A veces uno cree qe lo que duele es la realidad pero lo qe duele es el ideal. La vida qe imaginás puede ser un sueño, pero también puede convertirse en una cárcel. Imaginar tú vida ideal está bueno, pero qe la vida imagine por vos es mucho mejor. A veces hay qe dejarse sorprender. La obsesión por el ideal te puede hacer perder de vista lo real, lo verdadero, lo qe necesitás, nada está a la altura de un ideal. Si qerés concretar tus sueños lo mejor es empezar por matar al ideal. Ojo, no me estoy refiriendo a matar los ideales, sino qe hay veces qe uno se imagina su vida como si fuera una película, una epopeya heroica, & es muy difícil estar a la altura de ese ideal. El ideal es una luz muy brillante, muy brillante, tanto qe puede terminar opacando la realidad. Podés sufrir toda la vida por ese ideal, hermoso, puro, brillante, pero lejano & cada vez más lejano.

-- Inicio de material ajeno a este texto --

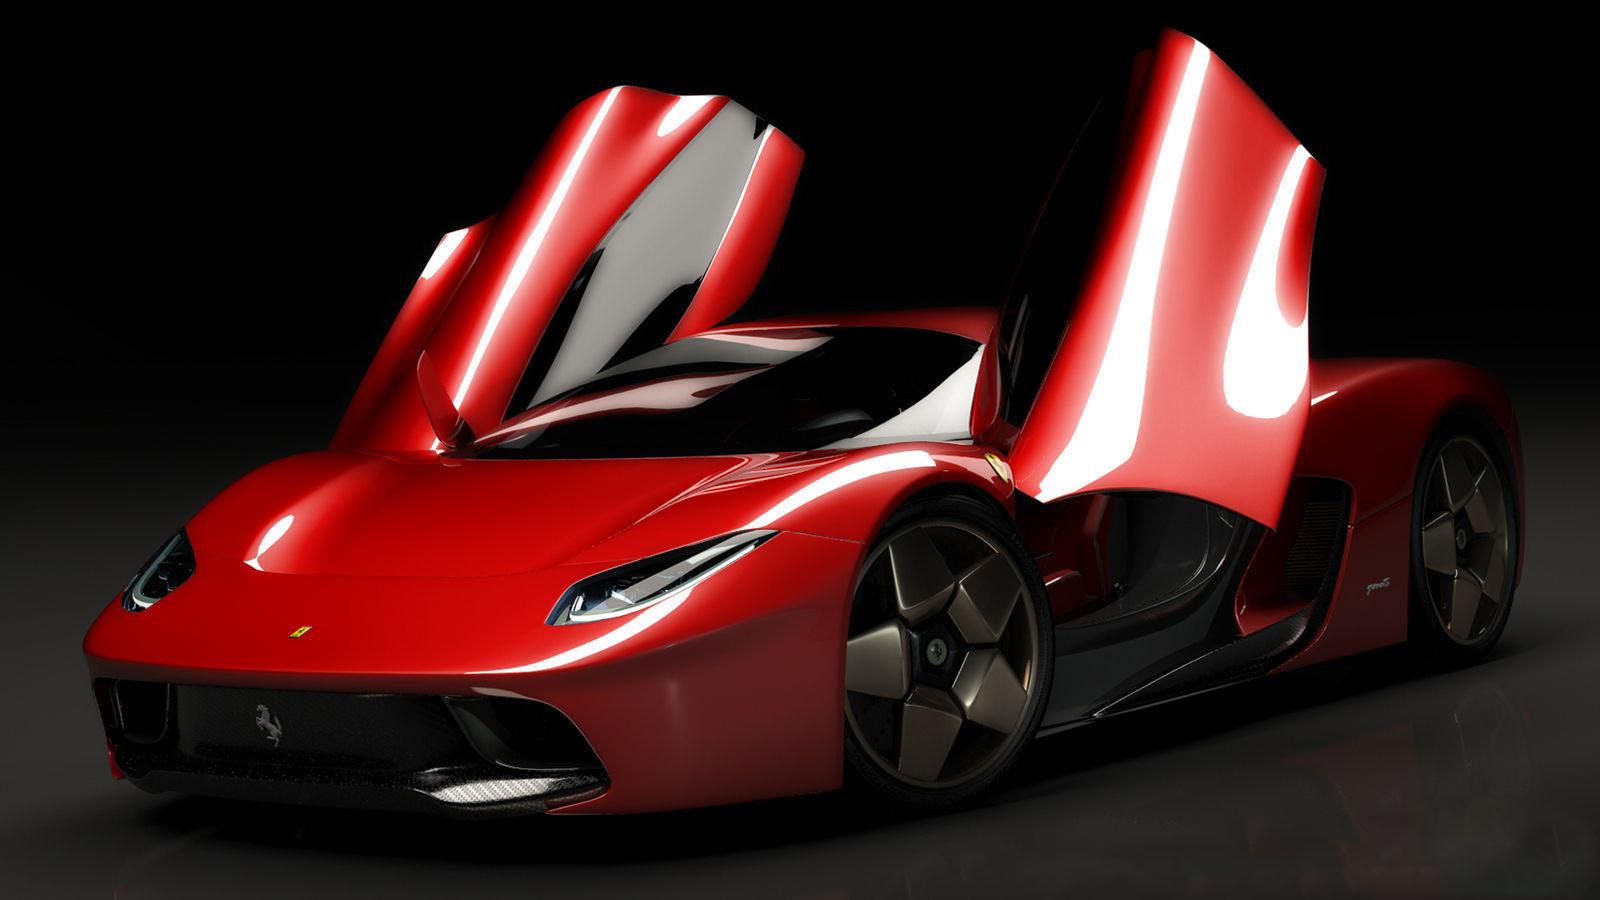 car i 2014 Ferrari GTE Concept Virtual por Angelo Granata
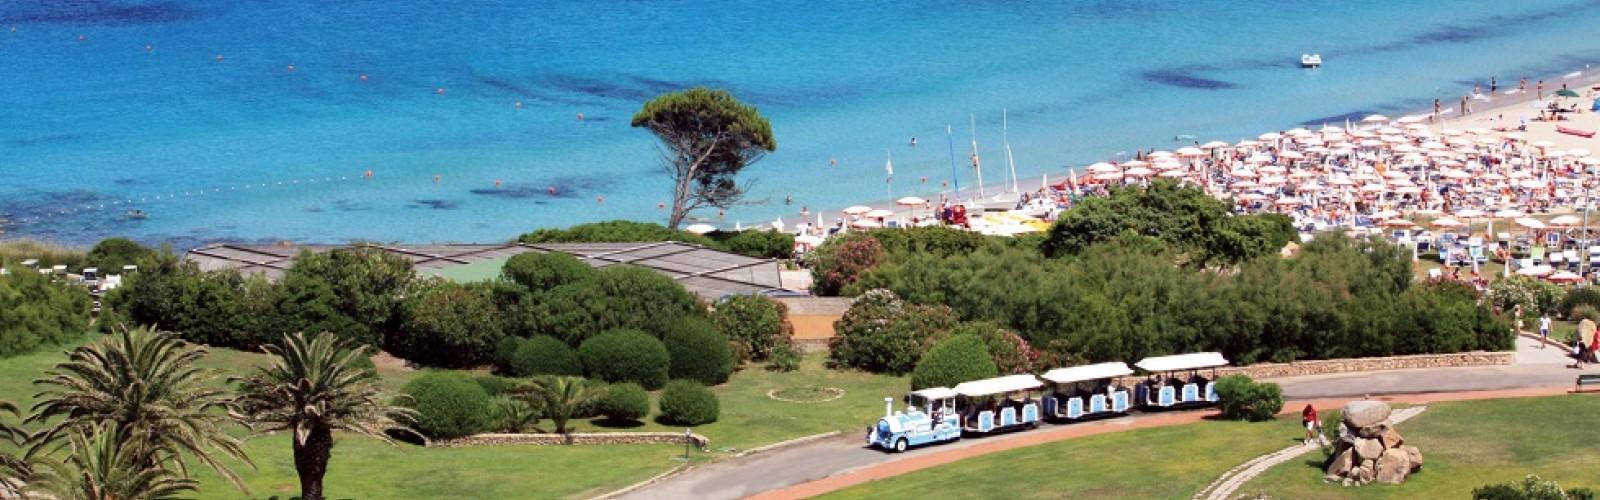 Marmorata Village - Santa Teresa Gallura, Sardegna
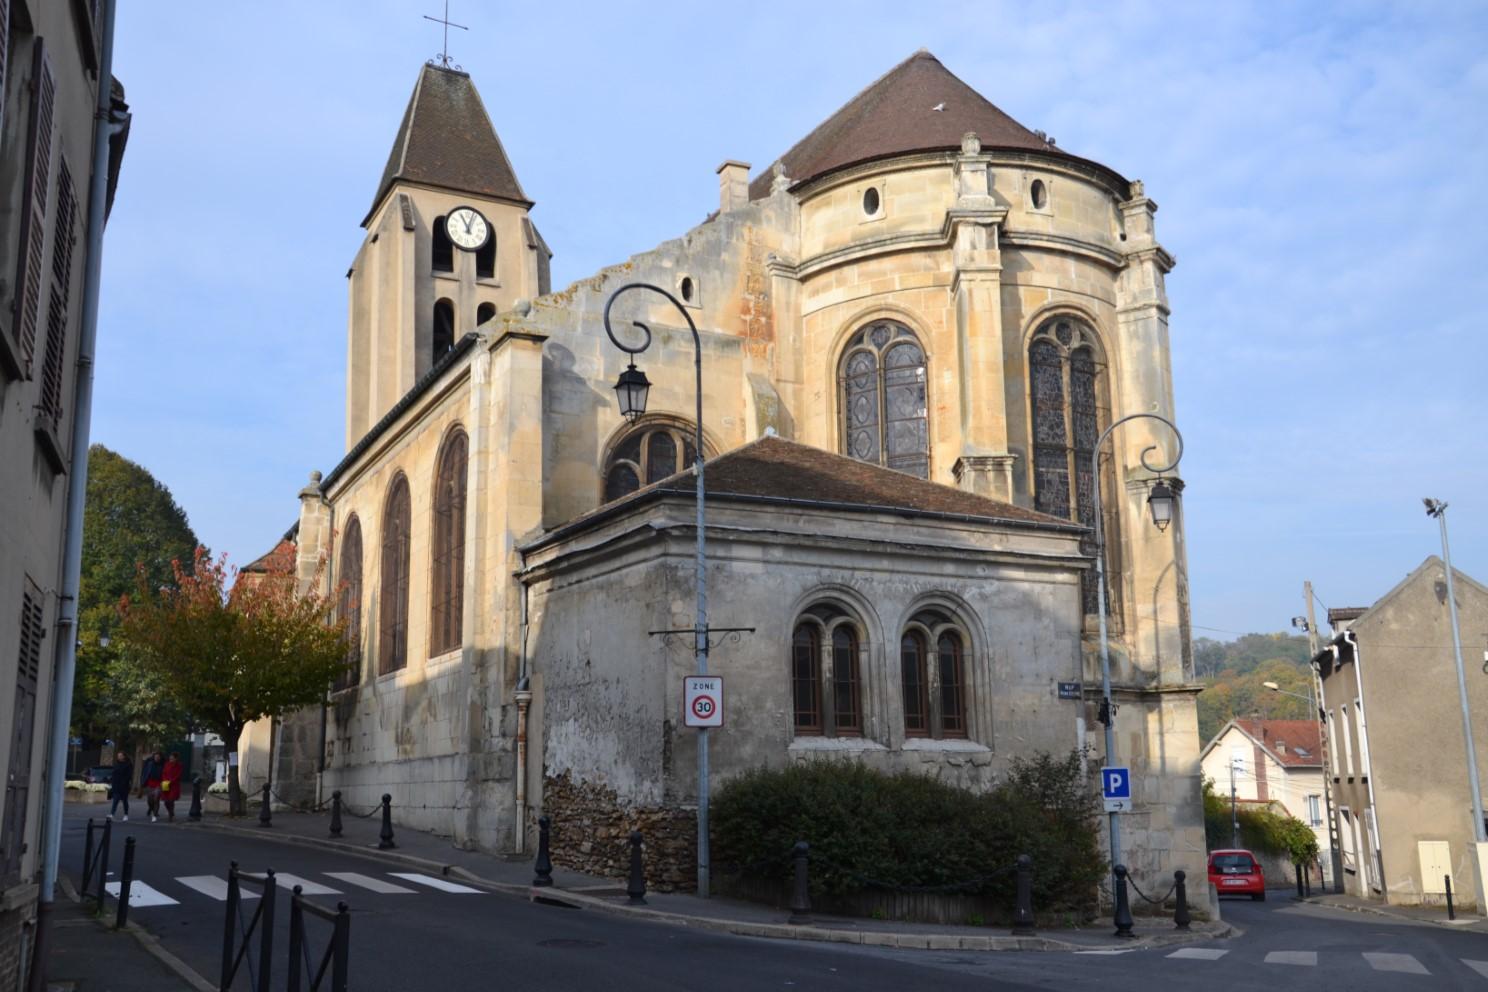 Eglise Saint-Martin de Groslay

Hay qe poder distinguir los sueños del ideal. Los sueños son peqeñas excusas qe nos ayudan a crecer. El ideal es una gran mole de oro qe nos paraliza. En cambio la realidad es frágil, endeble, imperfecta, pero verdadera. Porqe al final del camino uno puede contar la vida qe vivió, no la que imaginó.
Entonces mejor qe imaginar la vida..
es vivirla.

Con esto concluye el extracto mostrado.